1 - Beethoven: #14 Op. 131 in C# minor
2 - Beethoven: #15 Op. 132 in A minor
3 - Schubert: #15 D. 887 in G
4 - Schubert: #14 in D minor "Death and the Maiden"
5 - Beethoven: #13 Op. 130 in B-flat (with Grosse Fuge)


----------



## Art Rock (Nov 28, 2009)

Chronochromie said:


> Stacking 5 quartets vs 2, it's surprising anyone here would pick Schubert at all.


Quality over quantity?

For the same reason I would pick the 4 Brahms symphonies over the 9 Beethoven, 40+ Mozart or 100+ Haydn.

Not saying that the Beethoven quartets (or the mentioned symphonies) are not quality as well, but I prefer the Schubert quartets and the Brahms symphonies sufficiently more to choose them in spite of the lower number.


----------



## Animal the Drummer (Nov 14, 2015)

Purely from the point of view of enjoyment, the Schubert quartets for me. In terms of somehow trying to rank the two sets against each other, I haven't the foggiest. I'm not even sure it's possible to do so in any meaningful way.


----------



## TwoFlutesOneTrumpet (Aug 31, 2011)

Art Rock said:


> Quality over quantity?
> 
> For the same reason I would pick the 4 Brahms symphonies over the 9 Beethoven, 40+ Mozart or 100+ Haydn.
> 
> Not saying that the Beethoven quartets (or the mentioned symphonies) are not quality as well, but I prefer the Schubert quartets and the Brahms symphonies sufficiently more to choose them in spite of the lower number.
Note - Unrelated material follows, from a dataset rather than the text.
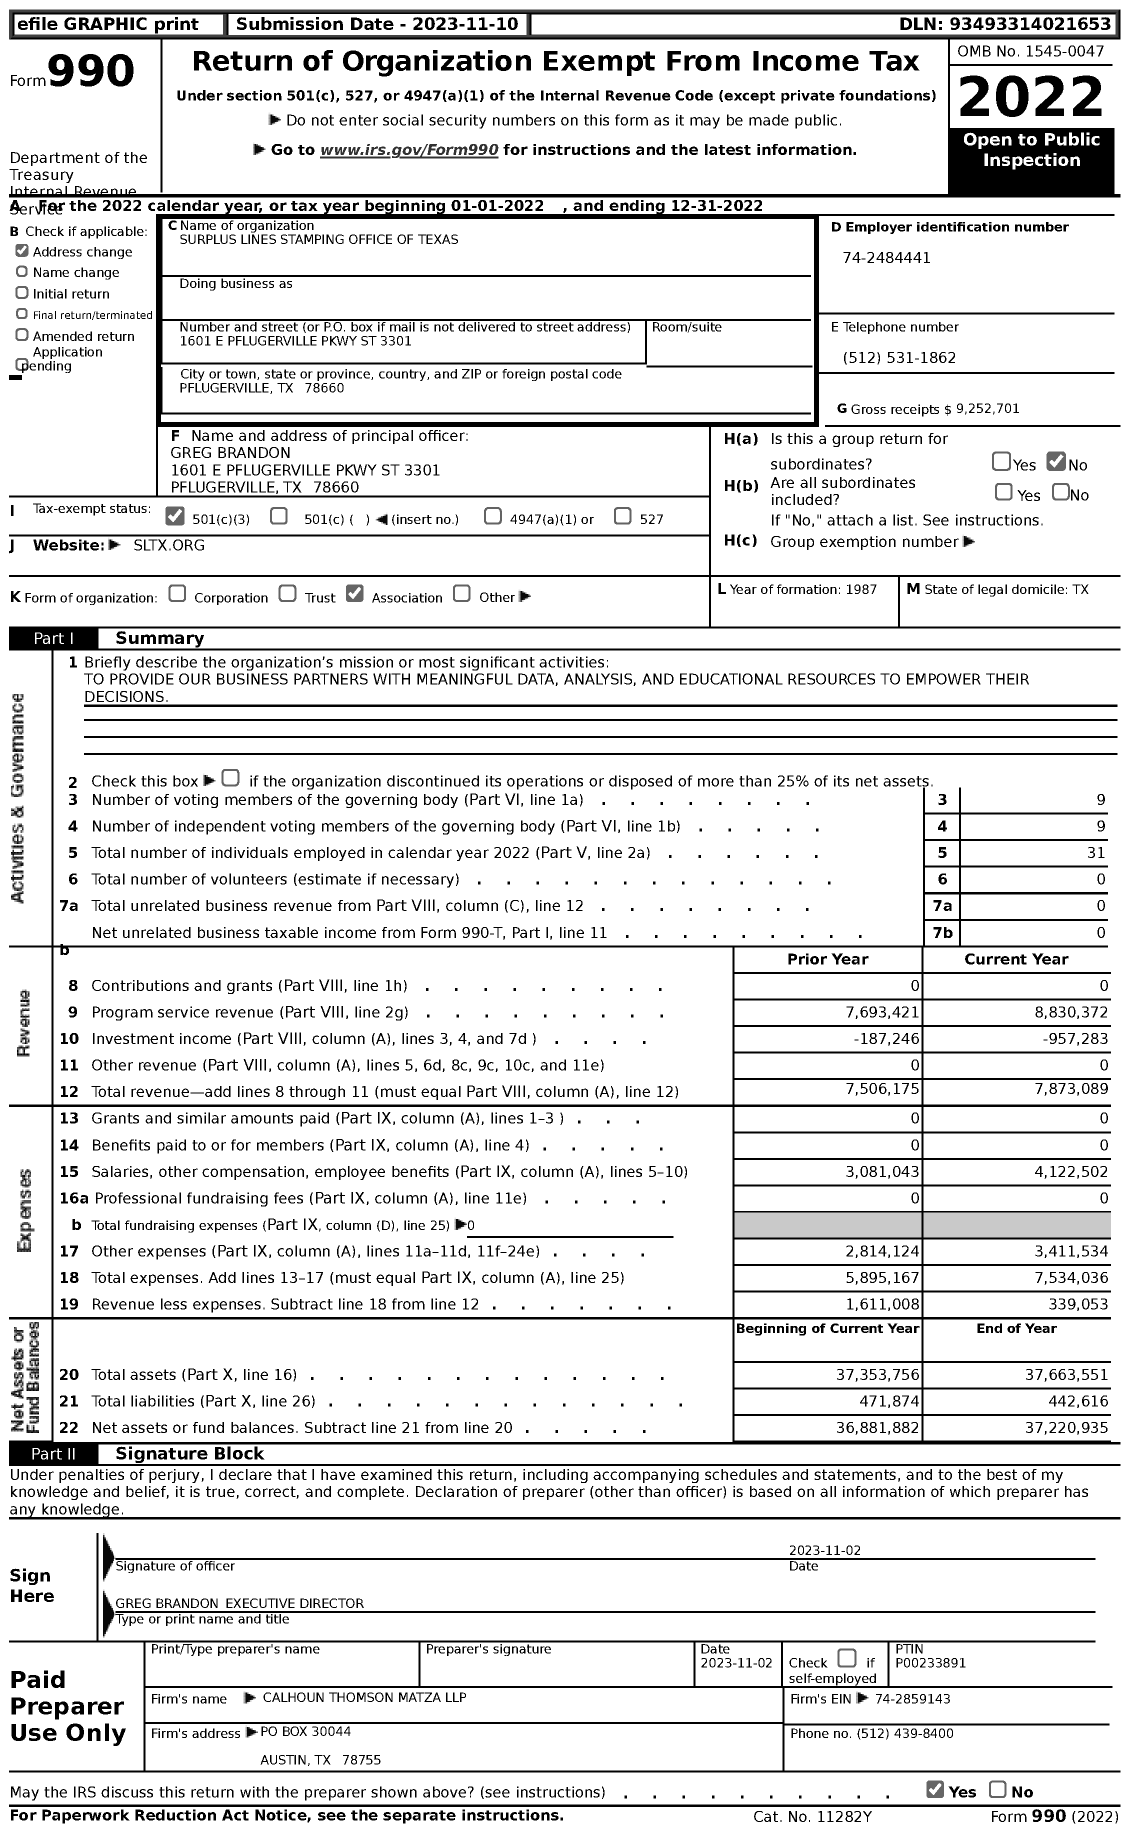 Image of first page of 2022 Form 990 for Surplus Lines Stamping Office of Texas (SLSOT)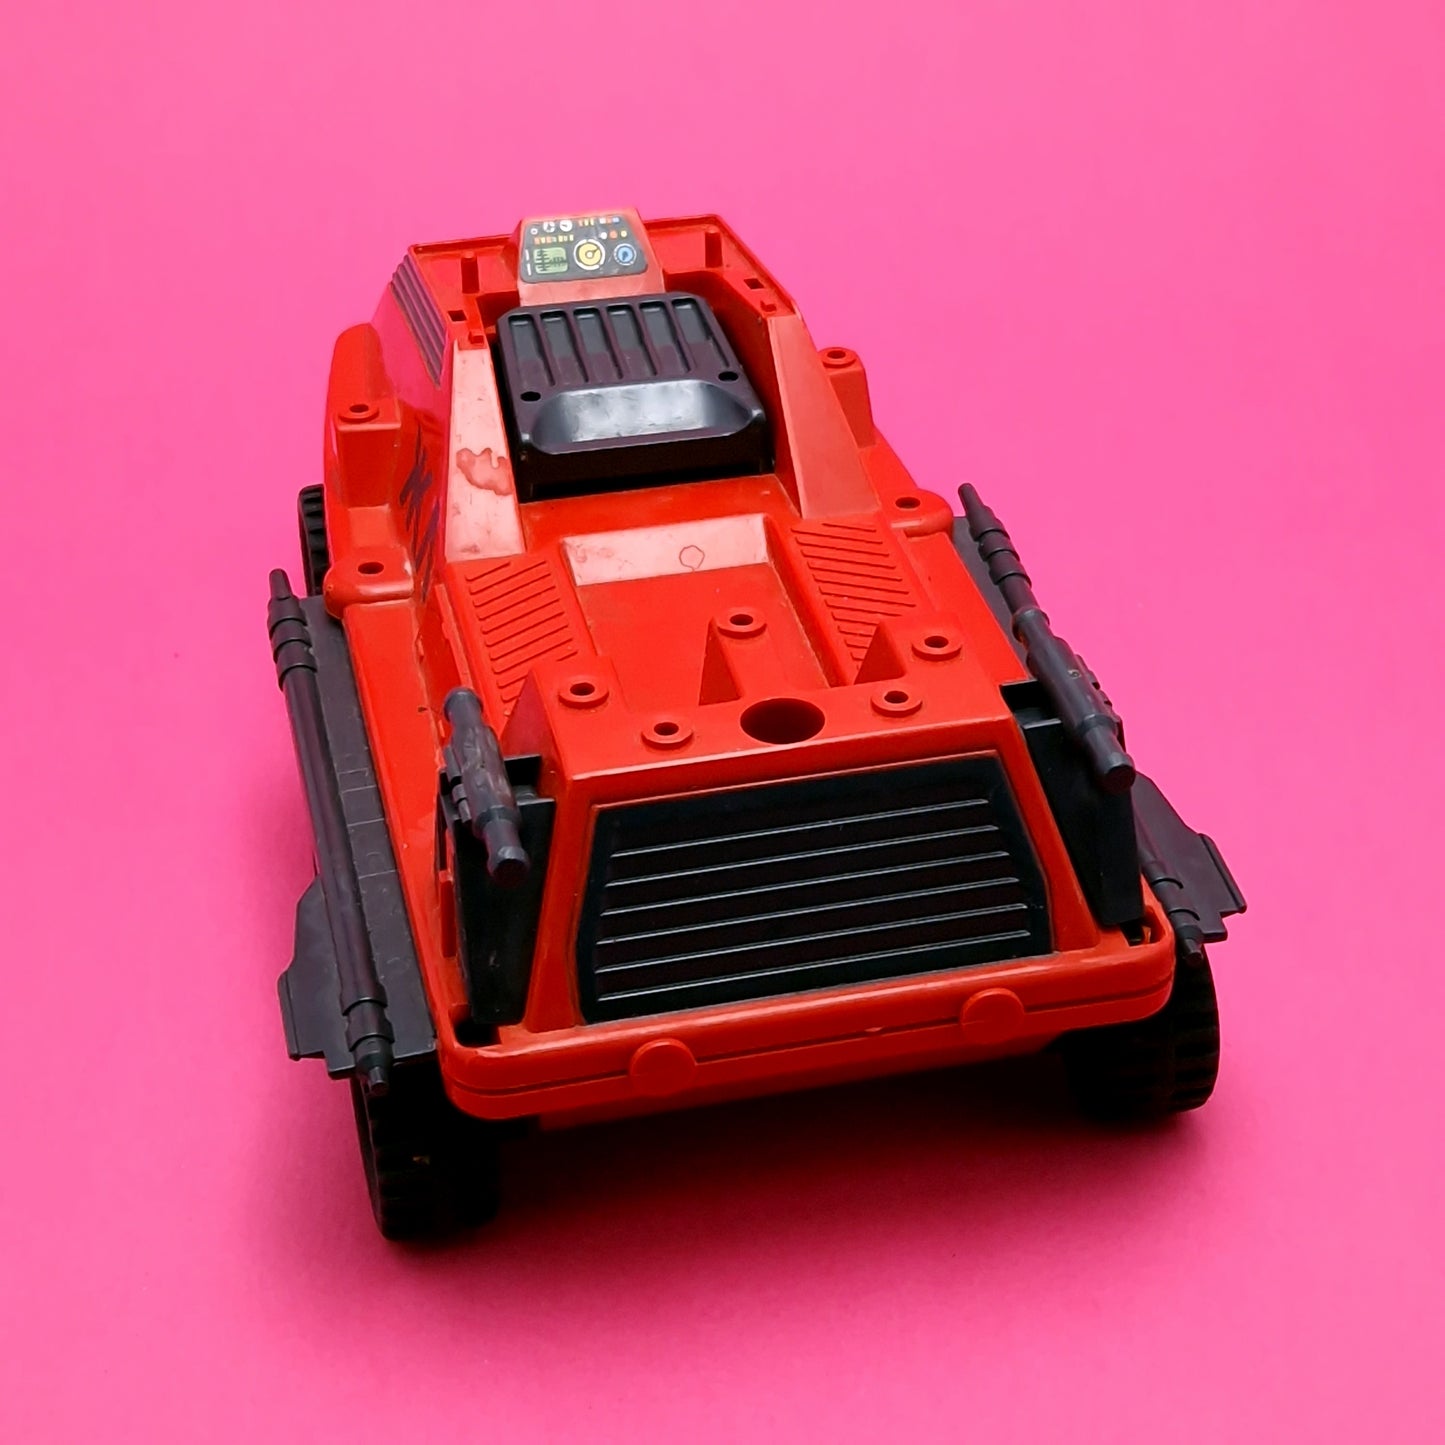 ACTION FORCE ☆ SHADOWTRAK VEHICLE for Figure ☆ Vintage Palitoy

I would pick any two of Beethoven's last five quartets over Schubert's two.


----------



## Art Rock (Nov 28, 2009)

TwoFlutesOneTrumpet said:


> I would pick any two of Beethoven's last five quartets over Schubert's two.


We all have our personal preferences.


----------



## Razumovskymas (Sep 20, 2016)

Beethoven no doubt about it! Schubert doesn't even comes close. 

And I'm not going to explain why because that will just result in some explanation that makes no sense at all, even to me. 

But it has to do with tension, Schubert just can't hold it as long as Beethoven.


----------



## Bettina (Sep 29, 2016)

Razumovskymas said:


> Beethoven no doubt about it! Schubert doesn't even comes close.
> 
> And I'm not going to explain why because that will just result in some explanation that makes no sense at all, even to me.
> 
> But it has to do with tension, Schubert just can't hold it as long as Beethoven.


Exactly! Beethoven's dramatic timing is the reason why I prefer his quartets (and the reason why he is my favorite composer). The way he introduces dissonances into the music, hints at resolution, then backs away from the promised resolution...his music generates a great deal of momentum and delayed gratification.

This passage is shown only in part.